You are responsible for the cost of infrastructure used to host the model, including the Agent Platform endpoint and the GPU instances the model is deployed on. For more information, see Agent Platform pricing.
Limitations
AlphaGenome has the following limitations:
- Research use only: AlphaGenome is a research tool and is not intended or cleared for clinical diagnostic use.
- 1 MB context horizon: Genomic interactions occurring over distances larger than 1 MB cannot be captured in a single prediction query.
- No fine-tuning support: Fine-tuning the foundation AlphaGenome model on private training datasets is not supported.

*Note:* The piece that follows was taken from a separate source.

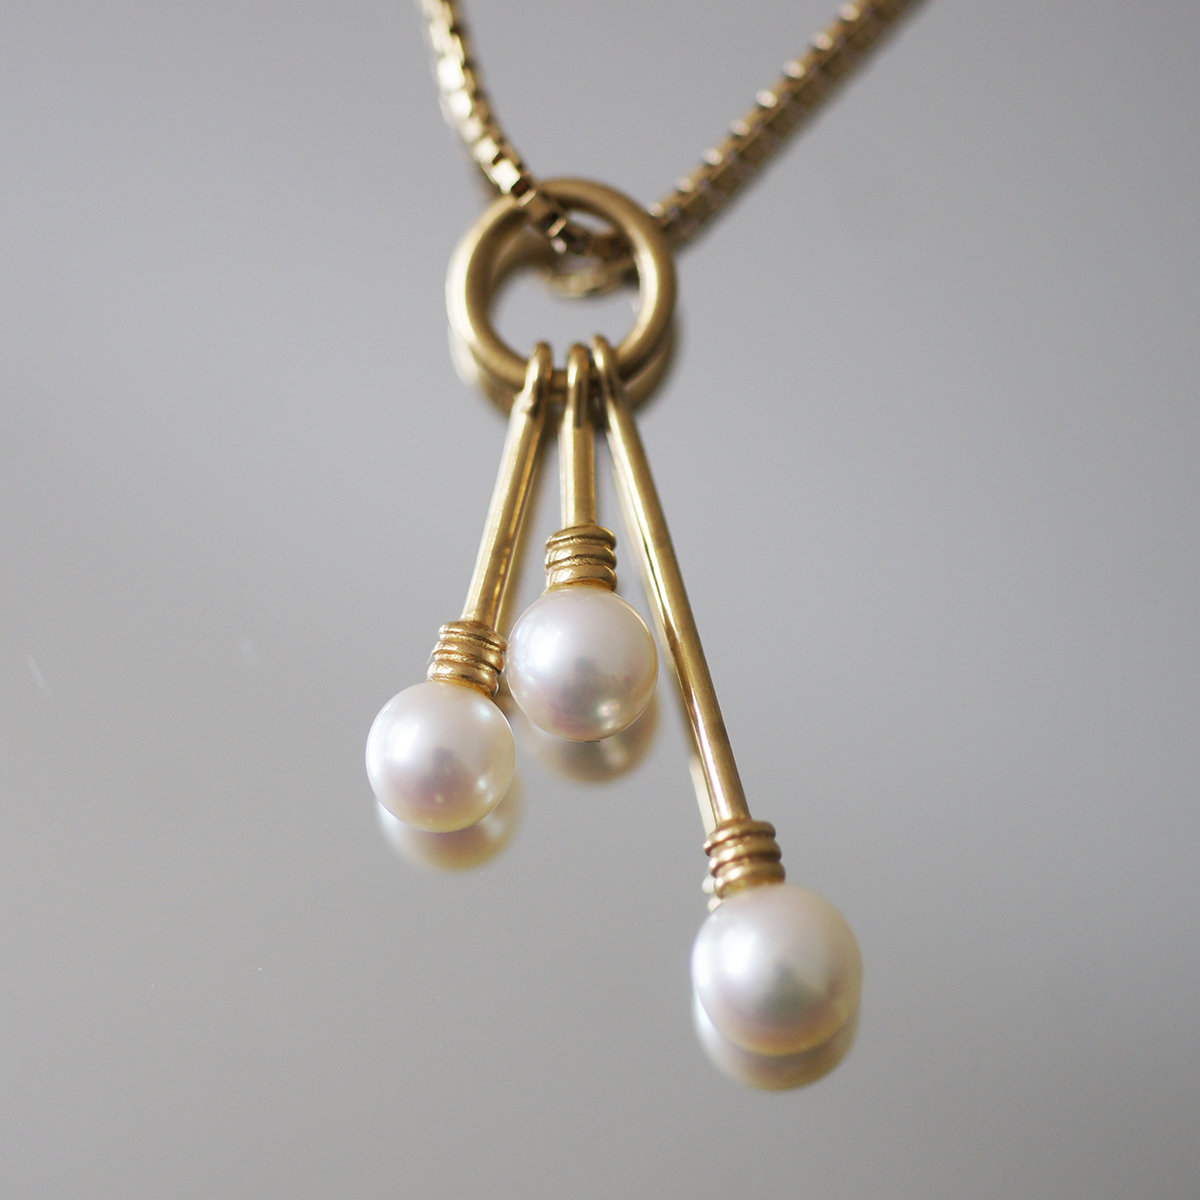 K18 YG 3P pearl Vintage pendant top 3.0g necklace charm book@ pearl yellow gold jewelry lady's 18 gold 750
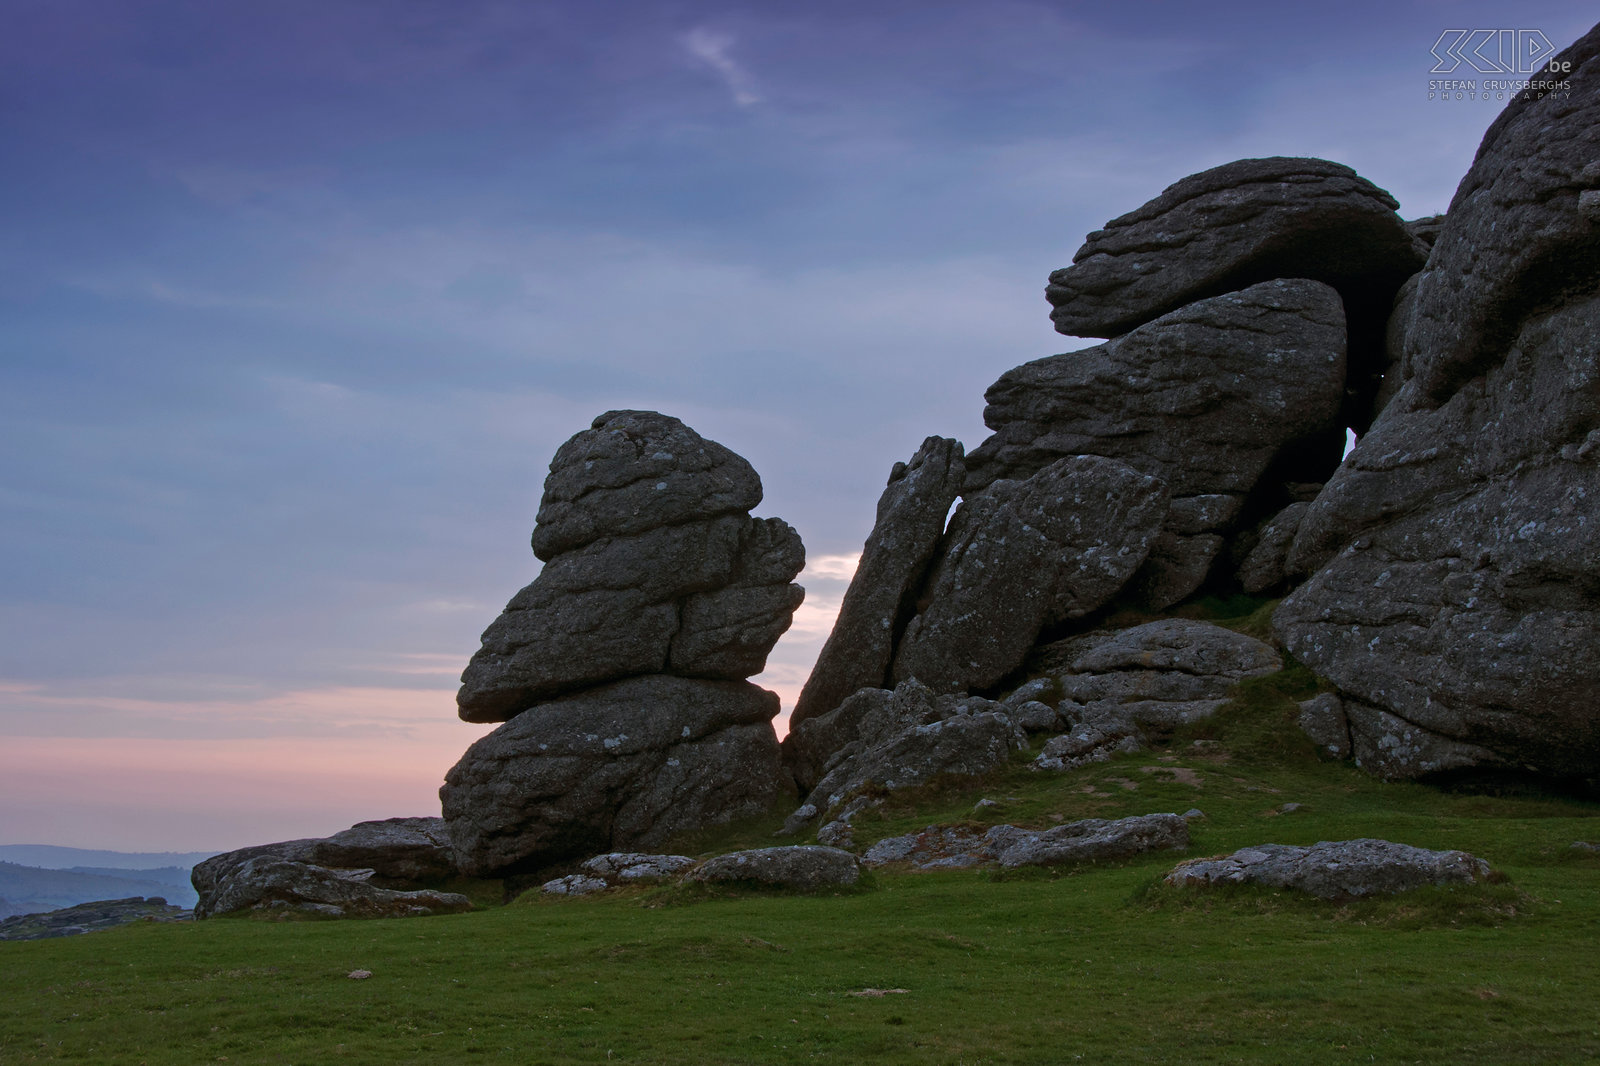 Dartmoor - Sunise at Saddle Tor An early sunrise at the impressive rock formations of Saddle Tor. Stefan Cruysberghs

The model is available for inference only.
Scientific reference directory
To support the scientific and developer communities, the following table lists primary reference materials, literature, and resources for AlphaGenome:
| Resource type | Title and link | Description |
|---|---|---|
| Peer-reviewed paper | Advancing regulatory variant effect prediction with AlphaGenome, Nature (January 2026) | The primary scientific publication detailing the model's architecture, evaluations, and performance benchmarks. |
| Pre-print article | AlphaGenome: advancing regulatory variant effect prediction with a unified DNA sequence model, bioRxiv (July 2025) | The initial pre-peer-review manuscript. |
| Announcement | AlphaGenome: AI for better understanding the genome, Google DeepMind blog (June 2025) | The high-level release blog post outlining the model's impact on genomics. |
| API documentation | AlphaGenome documentation | Technical documentation for the Python SDK and HTTP API schemas. |
| Video walkthrough | AlphaGenome: AI for better understanding the genome | Video walkthrough outlining the model capabilities and basic interaction flows. (Video runtime: 30 minutes) |
| Quickstart notebook | AlphaGenome quickstart Colab notebook | A notebook providing executable examples of SDK initialization and variant effect scoring. |
Support and feedback
You can get support for AlphaGenome in the following ways:
- Genomic science and model output support: For discussions about biology, model predictions, interpretability, or to engage with Google DeepMind, join the public AlphaGenome and EDM Community Forum at alphagenomecommunity.com.
- Infrastructure and platform support: For questions regarding Google Cloud quotas, accelerators, issue with client library, billing, etc., engage with your account team or open a ticket with the standard Google Cloud Support team.